W kolejce do opisania jeszcze chyba trzy spektakle, w tym tygodniu dojdzie kolejny, nie mogę jednak odkładać też pisania o książkach, bo potem wyjdzie na to, że zapominam treść zanim zdążę o czymś napisać. Najfajniej byłoby pisać od razu, na gorąco, na to jednak za mało czasu, za dużo się dzieje.
Łapcie więc kolejne czytadło, które pewnie szczególnie mocno spodoba się paniom. Katarzynę Wolwowicz poznałem w wersji kryminalnej i tam spodobała mi się chyba bardziej - tu niby mamy jakąś intrygę, jest napięcie, ale szczerze: za dużo wzdychania i trochę to wszystko jakby znajome. Może po prostu kilka thrillerów połknąłem z podobnym motywem - rozgryzania tajemnicy kogoś świeżo poznanego, fascynującego, ukochanego. Choć otoczenie ci mówi: to za szybko, uważaj, on na pewno coś ukrywa, ty widzisz jedynie swoje szczęście i masz ochotę w pełni mu zaufać... On na pewno ci krzywdy nie zrobi?
A może jednak?

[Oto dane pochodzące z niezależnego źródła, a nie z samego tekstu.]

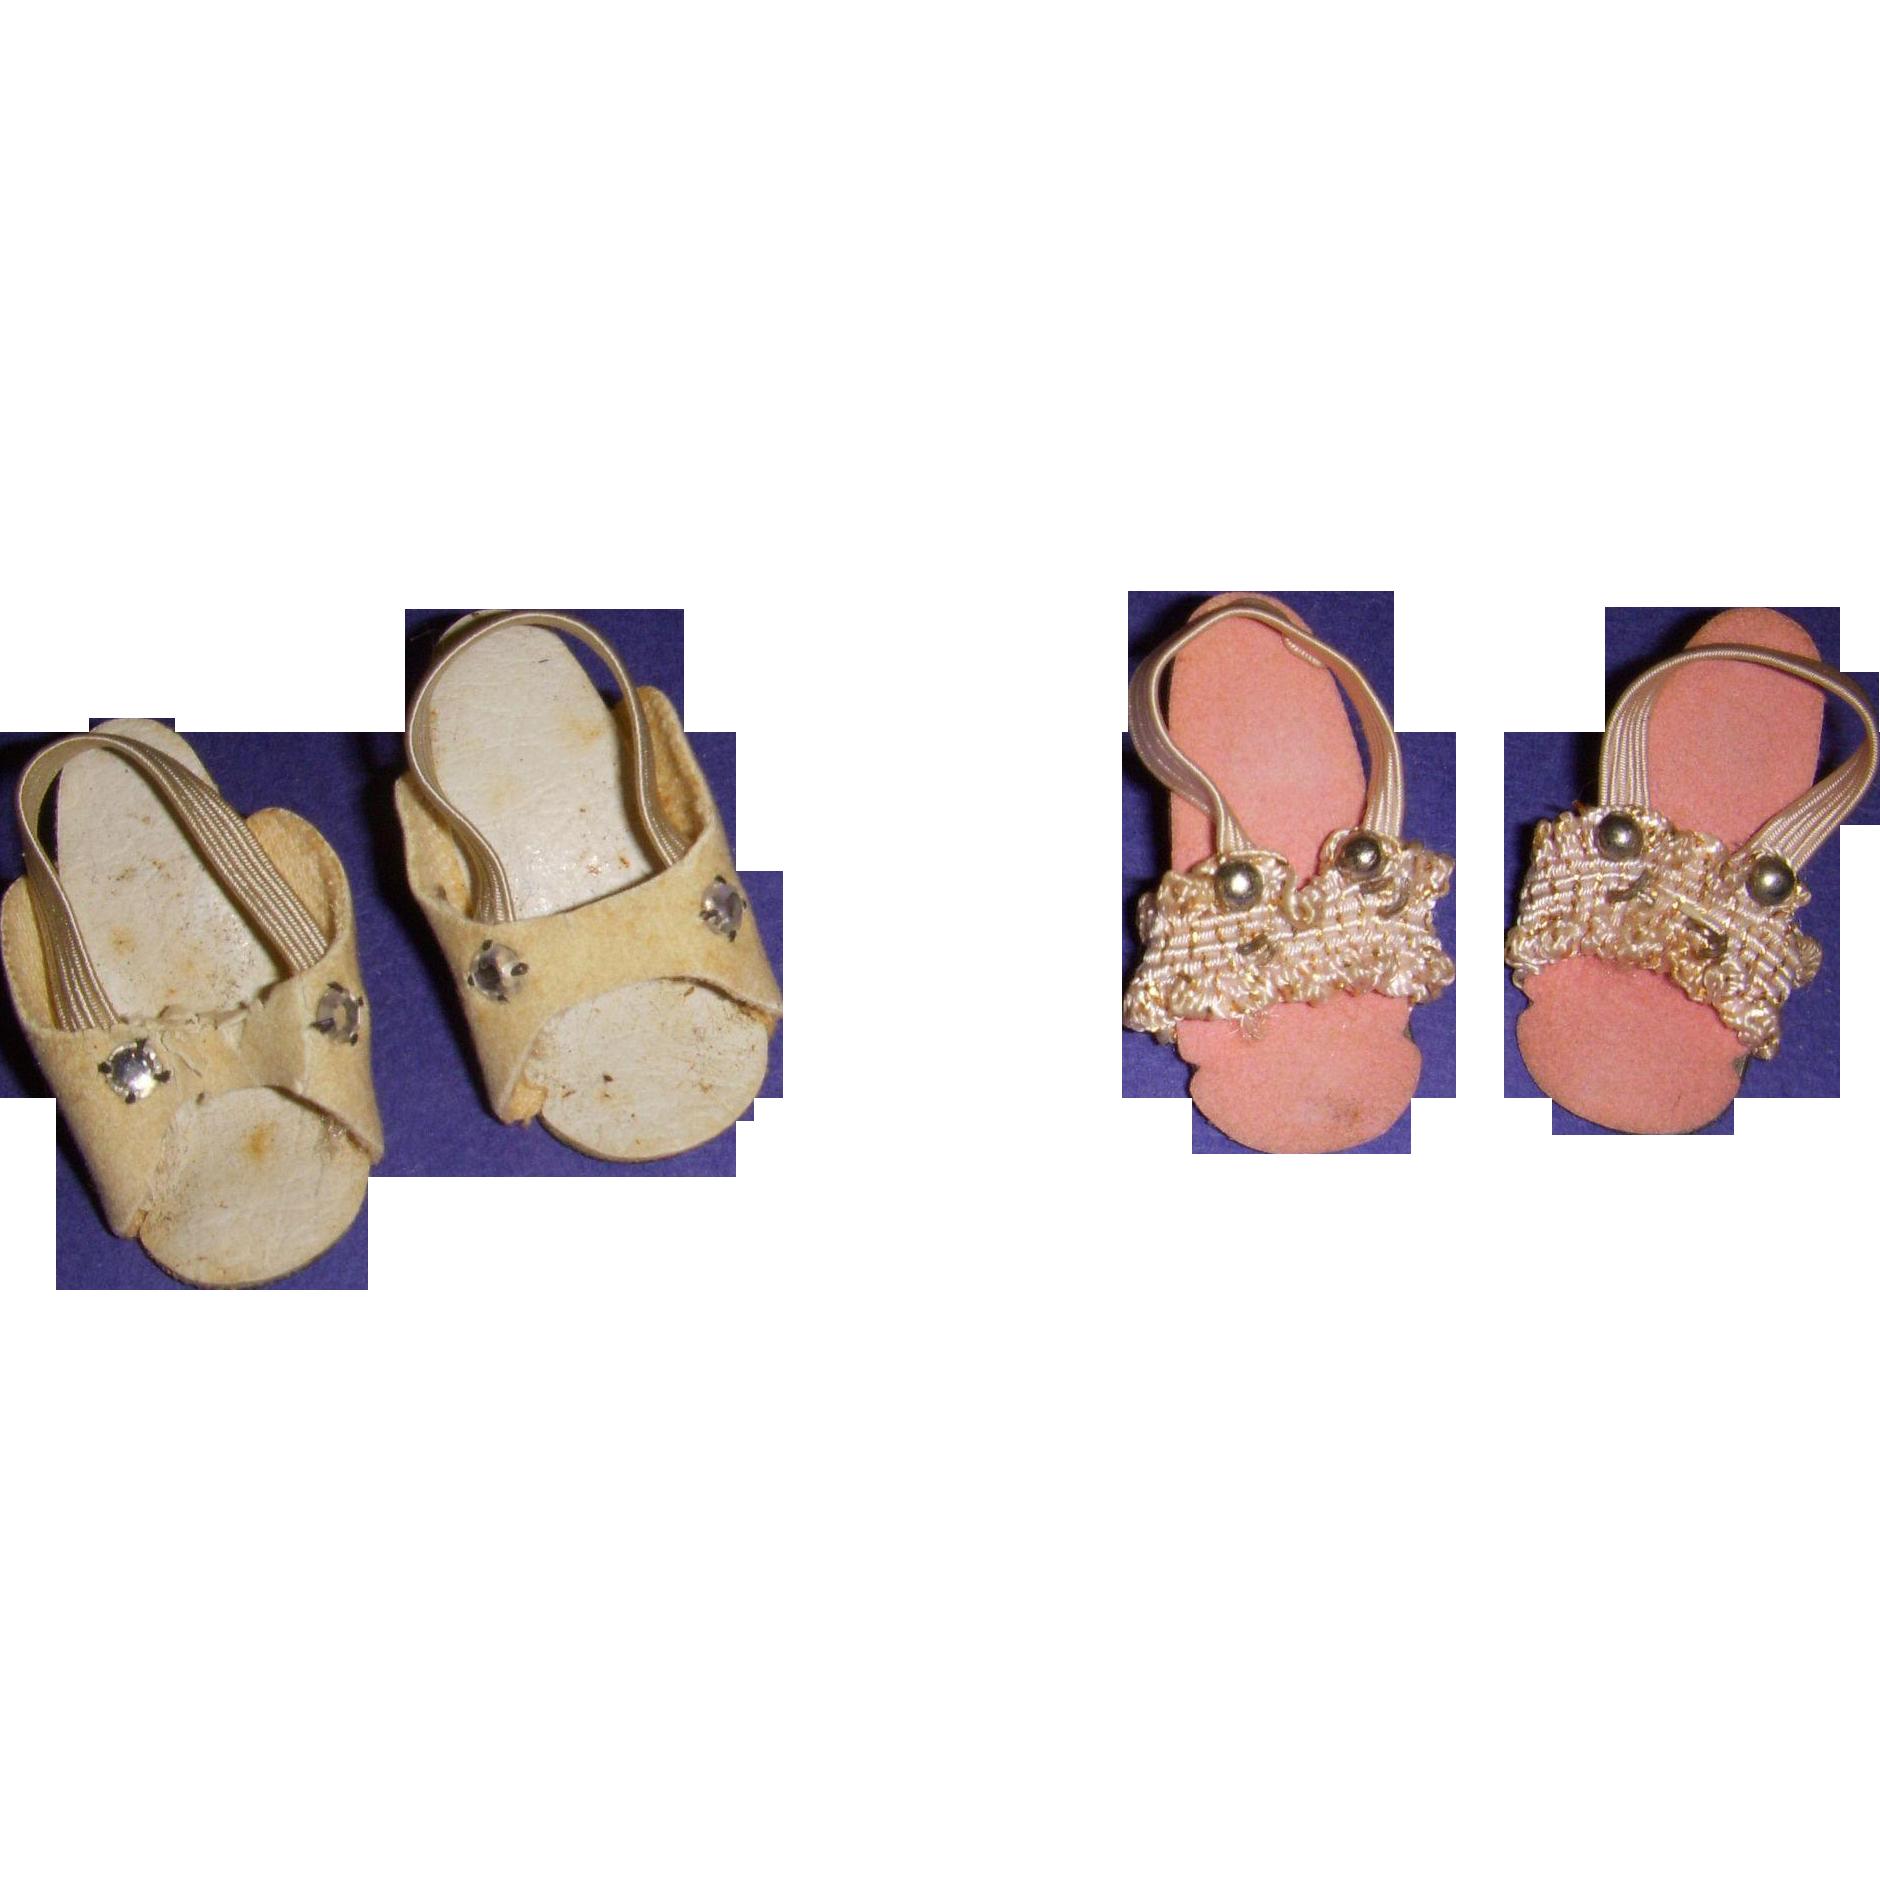 Vintage 1950s Fashion Doll High Heels

Czemu kontroluje? Czemu zdarzają się wokół was jakieś dziwne historie i czujesz rosnące zagrożenie i własny strach. Gdy tylko na chwilę znika, czujesz niepokój, a w dodatku dowiadujesz się, że nie mówi ci całej prawdy.
Ideał? Czy jednak zagrożenie? Balansując zgrabnie swoją bohaterką i jej emocjami Wolwowicz wprowadza fajny nastrój, nie dajcie się jednak zwieźć swoim pierwszym podejrzeniom - czeka Was tu kilka niespodzianek. Jeżeli więc lubicie thrillery psychologiczne i sporą dawkę wątku romansowego, pewnie nie będziecie zawiedzeni. Czyta się szybko i całkiem przyjemnie, a budowane napięcie sprawia, że ciekawość nie pozwala odłożyć lektury.
Przewrażliwienie? Urojenia? Czy może jednak mamy do czynienia z realnym zagrożeniem, genialnie prowadzoną manipulacją? Sprawdź sam, a może będziesz ostrożniej podchodzić do błyskawicznie zawieranych znajomości i szybkich decyzji, by związki takie wprowadzać błyskawicznie na kolejne etapy rozwoju. Żeby potem nie żałować. Wycofać się bowiem dużo trudniej.